To test your function, in your local terminal, run `bash test.sh test_classify`.

To debug your function, in your Venus terminal, run `cd /vmfs/test-src`, then run a VDB command to start the debugger:

``````vdb test_classify_1_silent.s ../tests/classify-1/m0.bin ../tests/classify-1/m1.bin ../tests/classify-1/input.bin ../tests/classify-1/output.bin
vdb test_classify_2_print.s ../tests/classify-2/m0.bin ../tests/classify-2/m1.bin ../tests/classify-2/input.bin ../tests/classify-2/output.bin
vdb test_classify_3_print.s ../tests/classify-3/m0.bin ../tests/classify-3/m1.bin ../tests/classify-3/input.bin ../tests/classify-3/output.bin
vdb test_classify_fail_malloc.s ../tests/classify-1/m0.bin ../tests/classify-1/m1.bin ../tests/classify-1/input.bin ../tests/classify-1/output.bin
vdb test_classify_not_enough_args.s
``````

Note: The error cases will not error on Venus and will only error when running the tests via `bash test.sh`.

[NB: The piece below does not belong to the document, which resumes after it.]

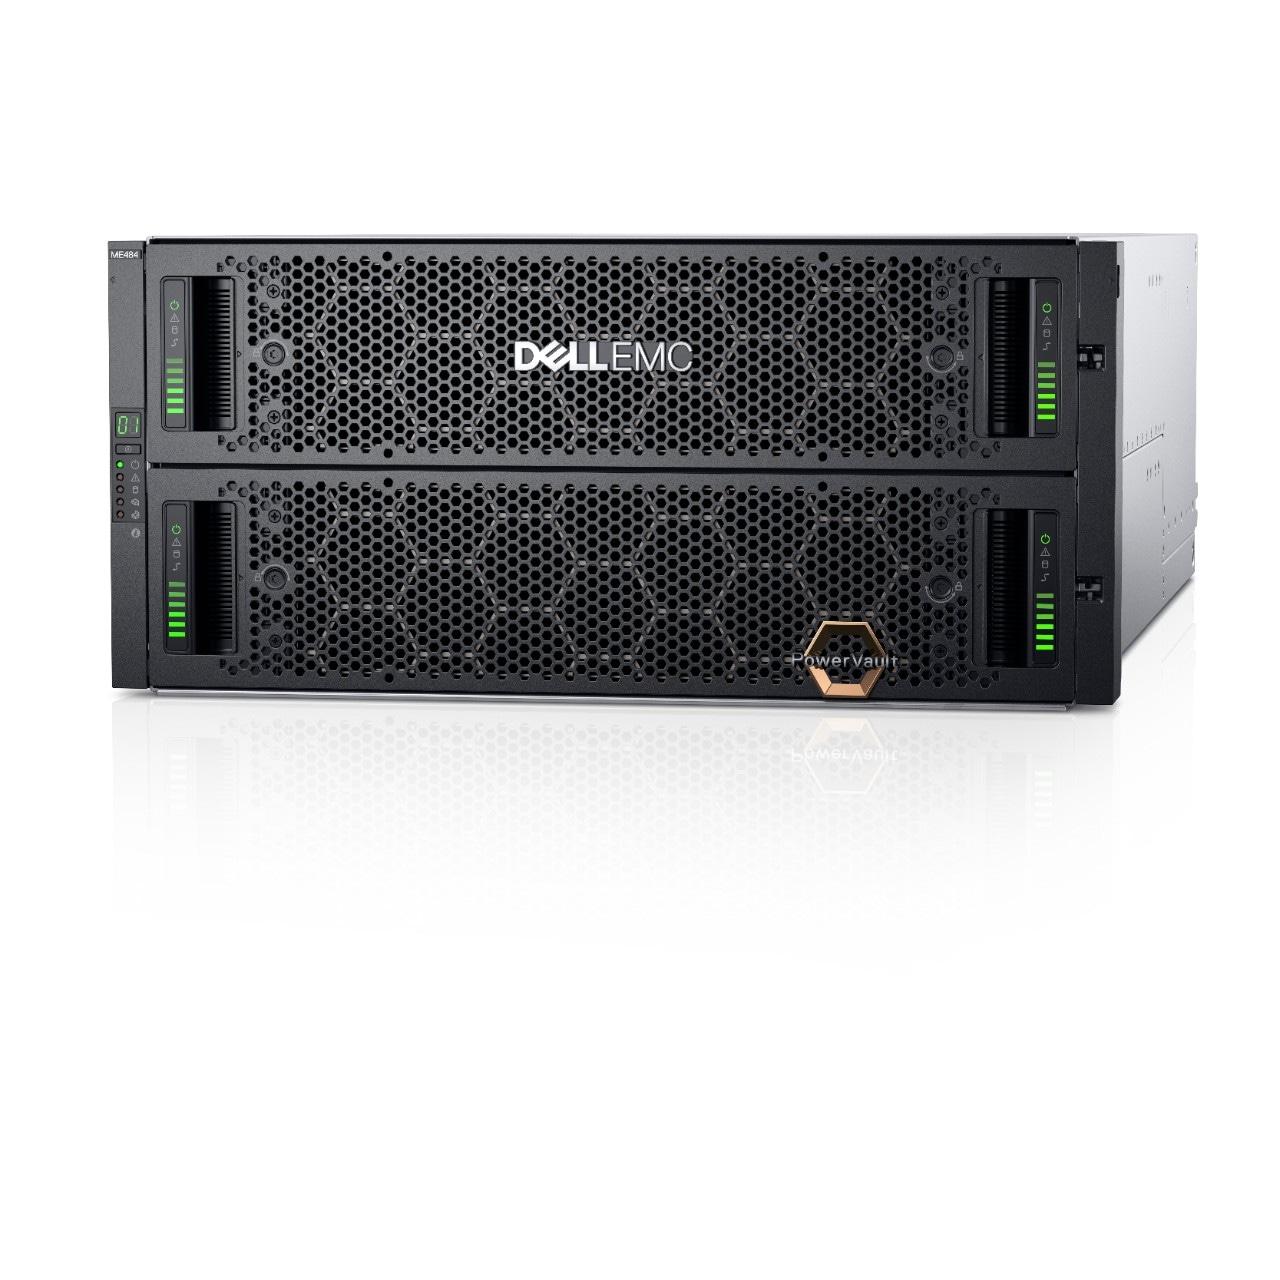 PowerVault ME484 Storage Expansion Enclosure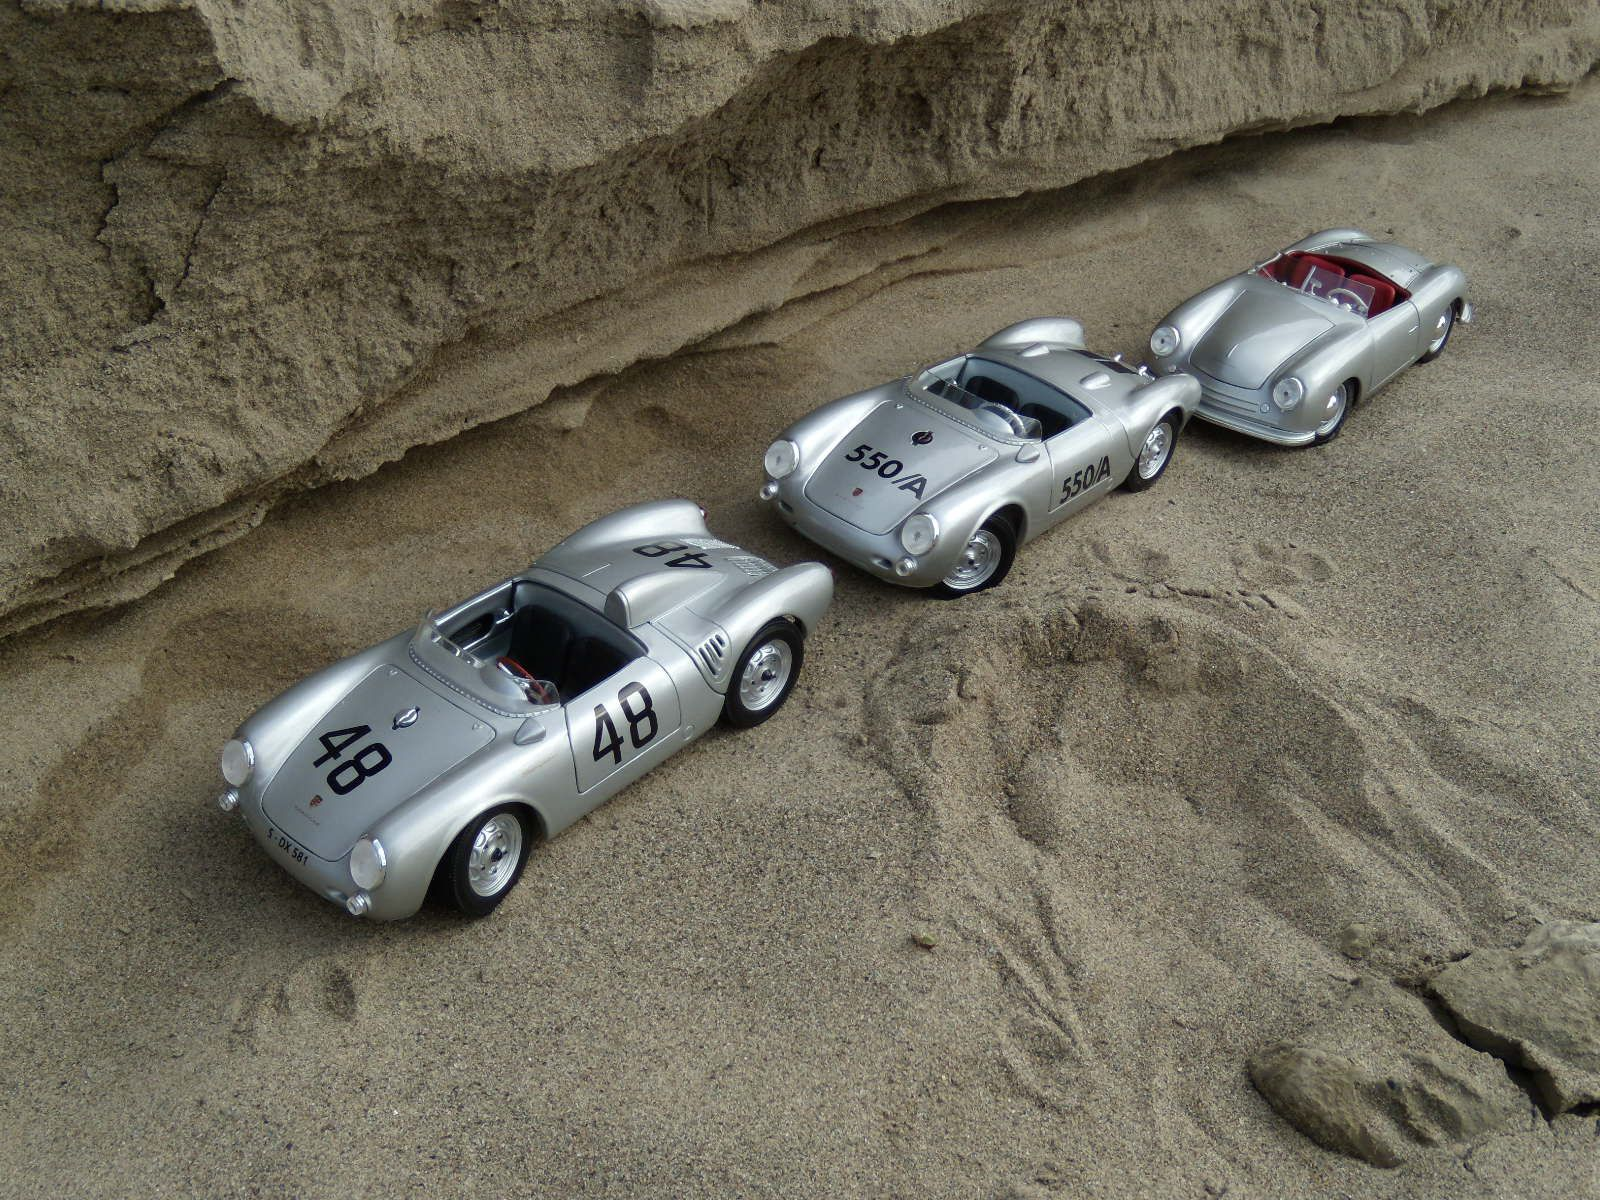 931a98c579e747c9b15648f004d8588e Outstanding Maisto Porsche 911 Gt1 Le Mans 1998 Cars Trend

Once you have classify running, you can run `bash test.sh test_chain`. This runs your classification function twice to make sure you properly followed calling convention.

As a reminder, you can use the functions described in the calling convention appendix to debug calling convention errors. We also have debugging videos that may help you debug these errors.

To debug the chain test, run `cd /vmfs/test-src`, then run a VDB command to start the debugger:

``````vdb ../tests/chain-1/chain.s
``````

To ensure the autograder runs correctly, do not add any `.import` statements to the starter code. Also, make sure there are no `ecall` instructions in your code.